Some of Sessions’ remarks received strong applause from the audience throughout his talk, including his recognition of a police officer for serving in Afghanistan and Iraq.

Members of a support group from Northwestern’s Division of Student Affairs were present in anticipation of tensions surrounding the event — an official “Night of Action” was planned to occur at the same time.

Julie Payne-Kirchmeier, interim vice president of student affairs, said the group worked with organizers from NUCR and the “Night of Action” to ensure student safety and coordinate security.

“For me, this is a University, and we value academic freedom, and we value creating an environment where we are listening and engaging and understanding different points of view,” Payne-Kirchmeier said.

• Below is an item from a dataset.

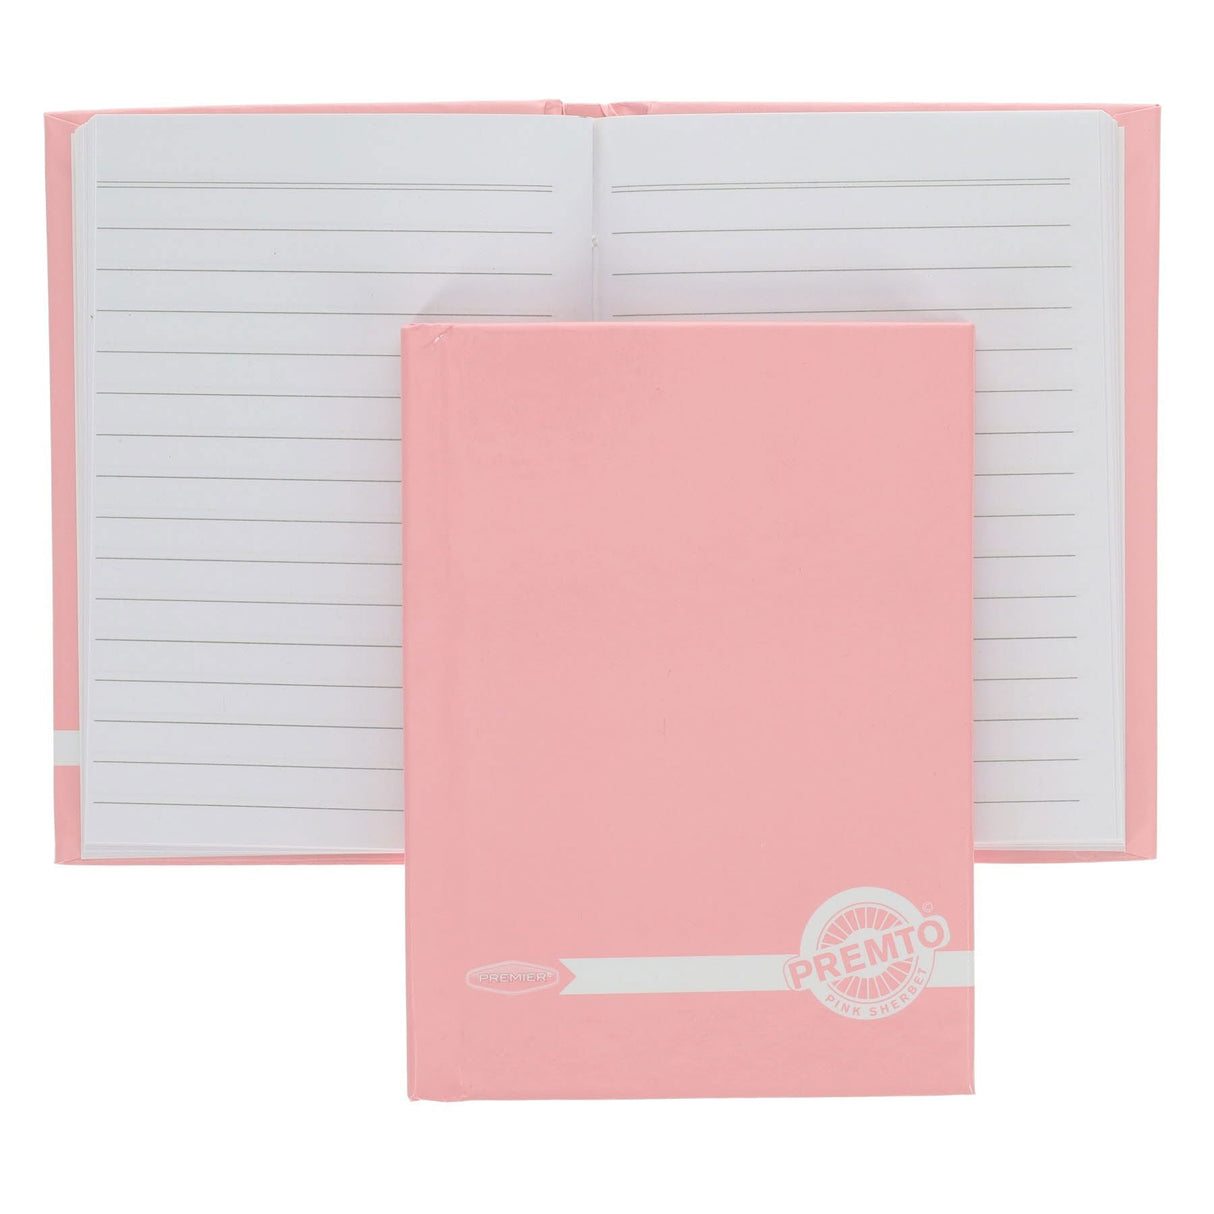 Premto Pastel A6 Hardcover Notebook - 160 Pages - Pastel - Pink Sherbet-A6 Notebooks-Premto|StationeryShop.co.uk

Medill freshman Margaret Fleming said she came to hear Sessions speak because she thought it would be interesting to hear a former Cabinet members’ experiences and political viewpoints, even though she does not support his views.

While she was satisfied that Sessions was able to answer a question she had on bipartisan policy, Fleming noted that the difference between the tone surrounding this event and former Georgia gubernatorial candidate Stacey Abrams’ talk, sponsored by Northwestern University College Democrats, earlier this quarter was unsettling.

“It’s hard because the people who I hold the same political views with are the ones protesting,” Fleming said. “But at the same time, I think I know that if somebody had done this at Stacey Abrams, if people had been screaming and breaking windows and doing things like that, it would have been completely horrible, and I would’ve blown up about it in the very opposite way.”

NUCR was unavailable for comment at the time of publication.